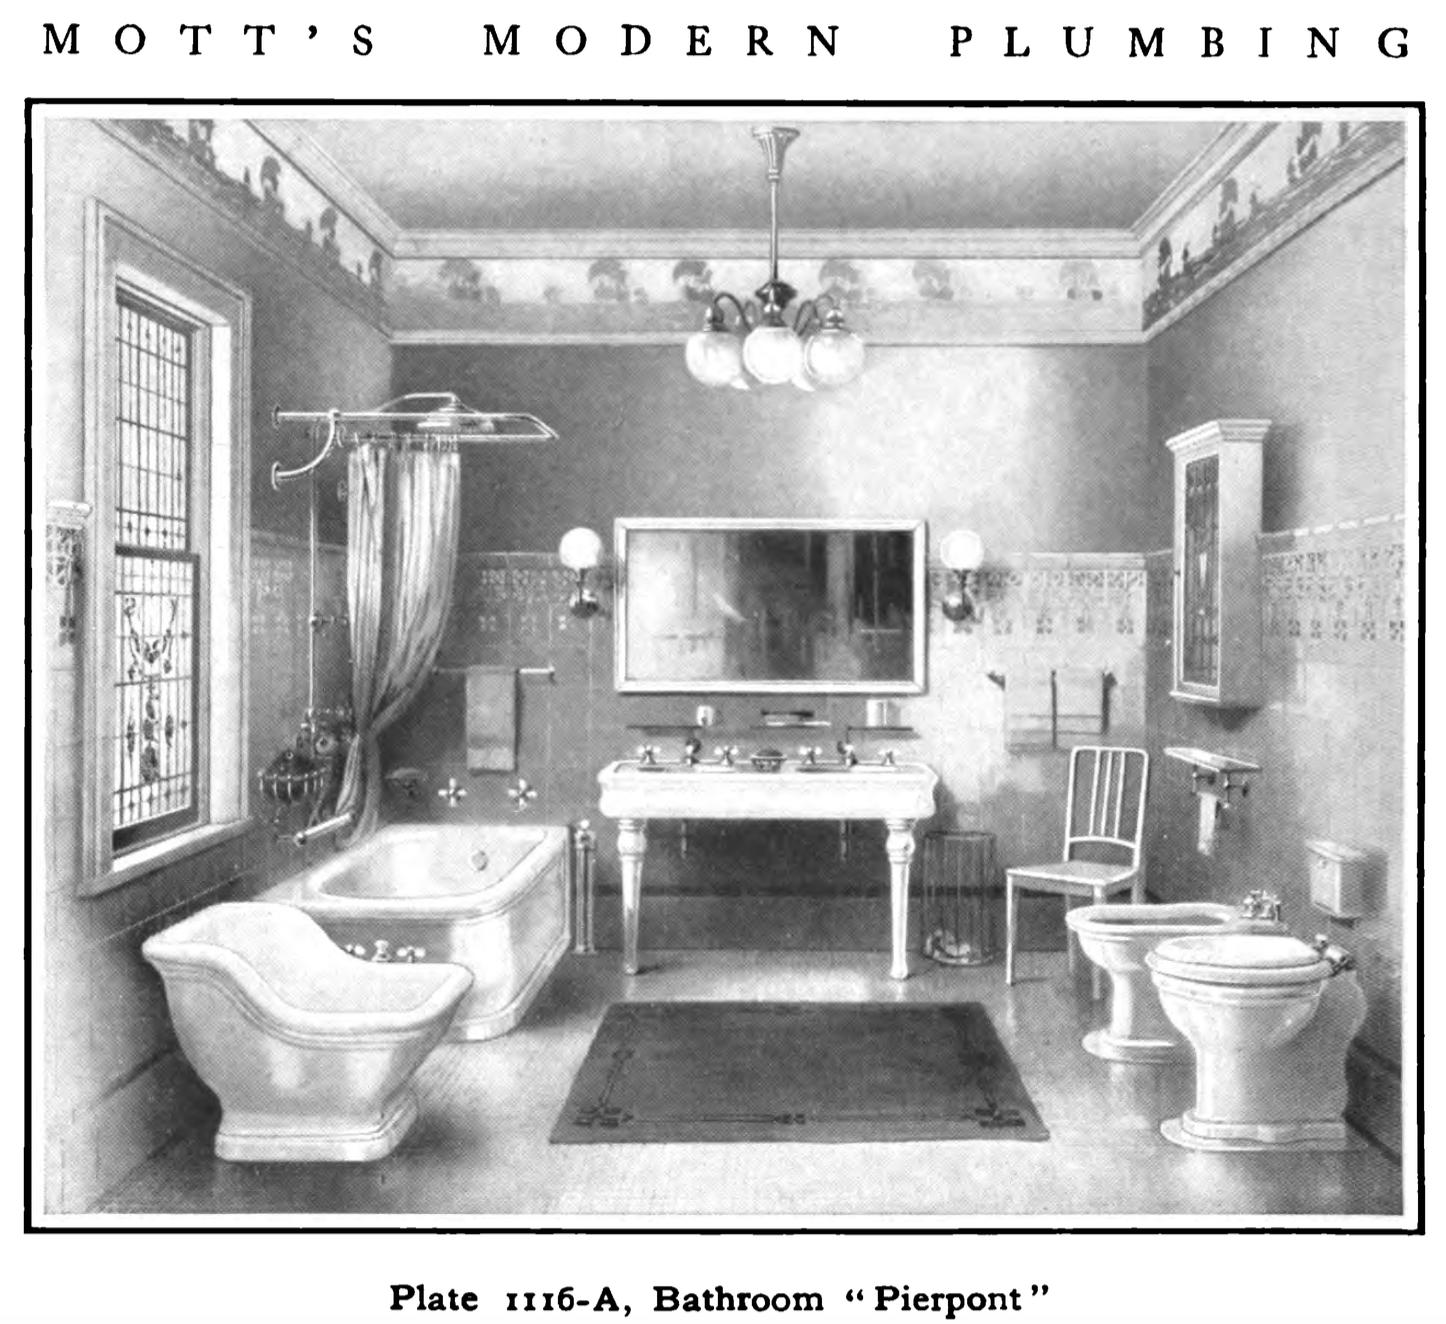 Laurelhurst Craftsman Bungalow: Mott\'s 1914 Plumbing Catalog | Early ...
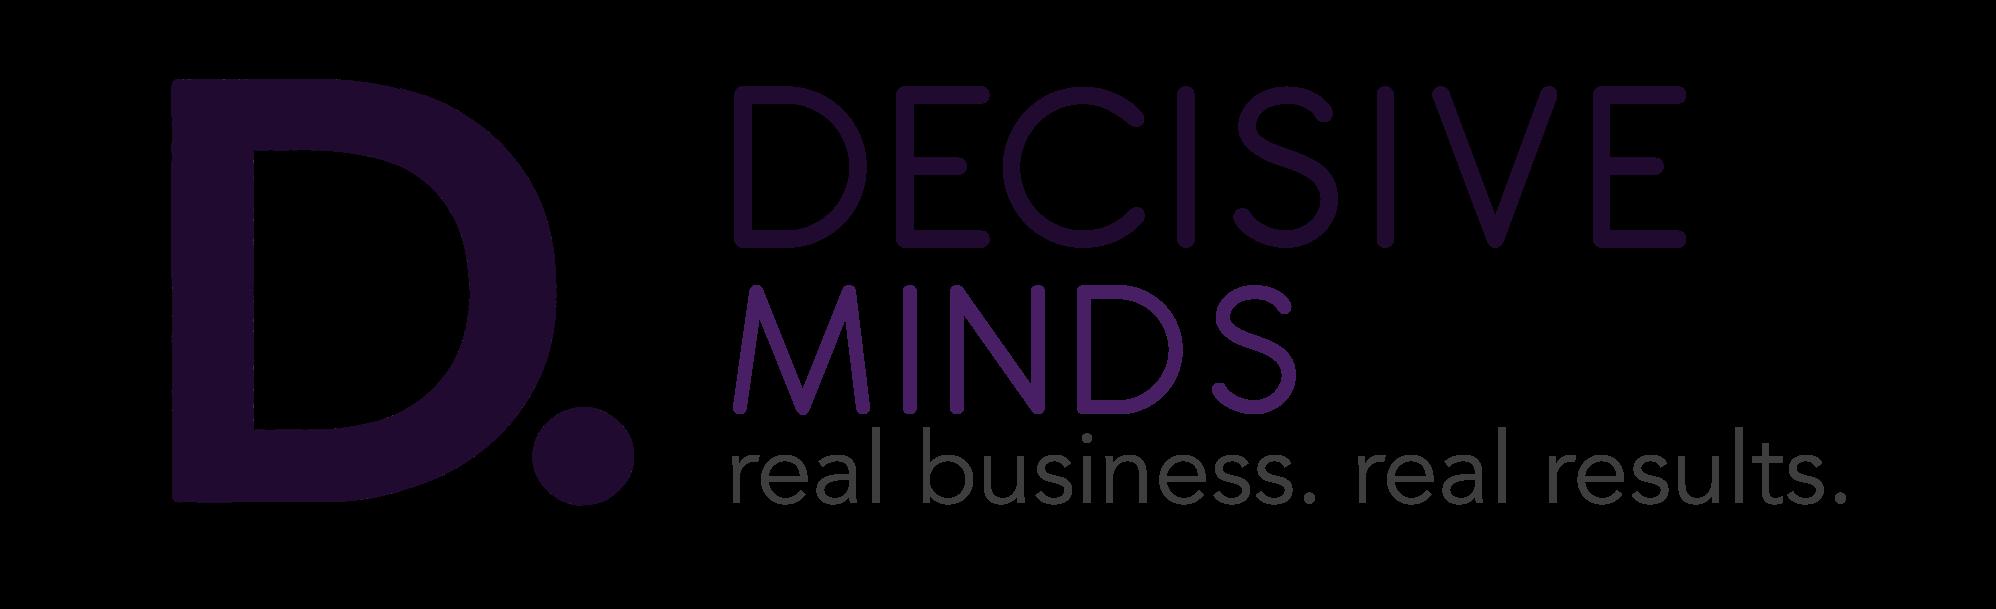 Decisive Minds
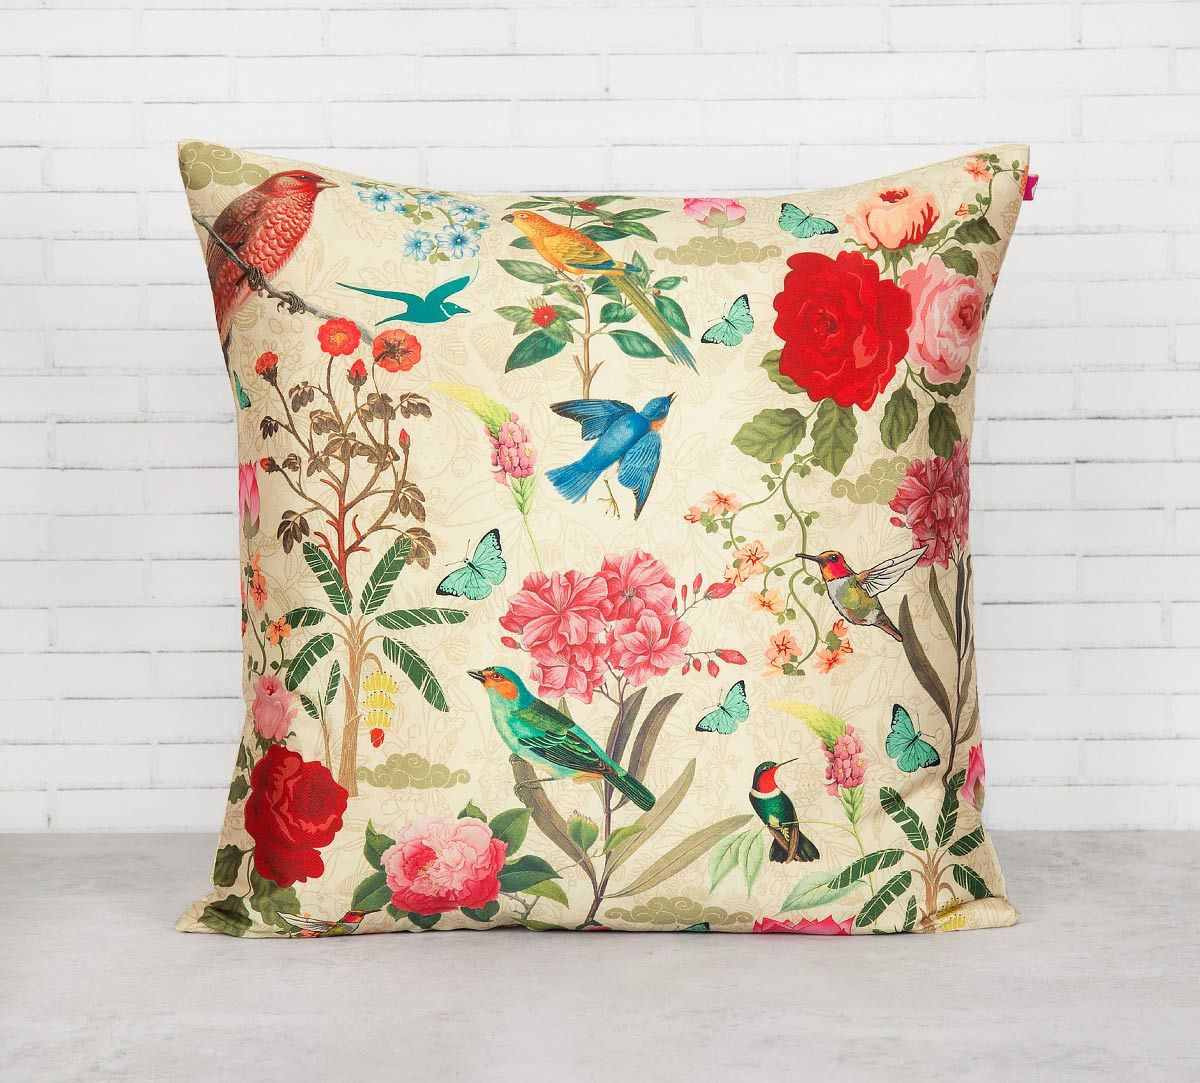 India Circus Bird Land Blended Taf Silk Cushion Cover
━━━━━━
### TASK TO COMPLETE
Set down the material above exactly. Skip any picture.

### EXERCISE OUTPUT
 Laurelhurst Craftsman Bungalow: Mott\'s 1914 Plumbing Catalog | Early ...
 Decisive Minds
 India Circus Bird Land Blended Taf Silk Cushion Cover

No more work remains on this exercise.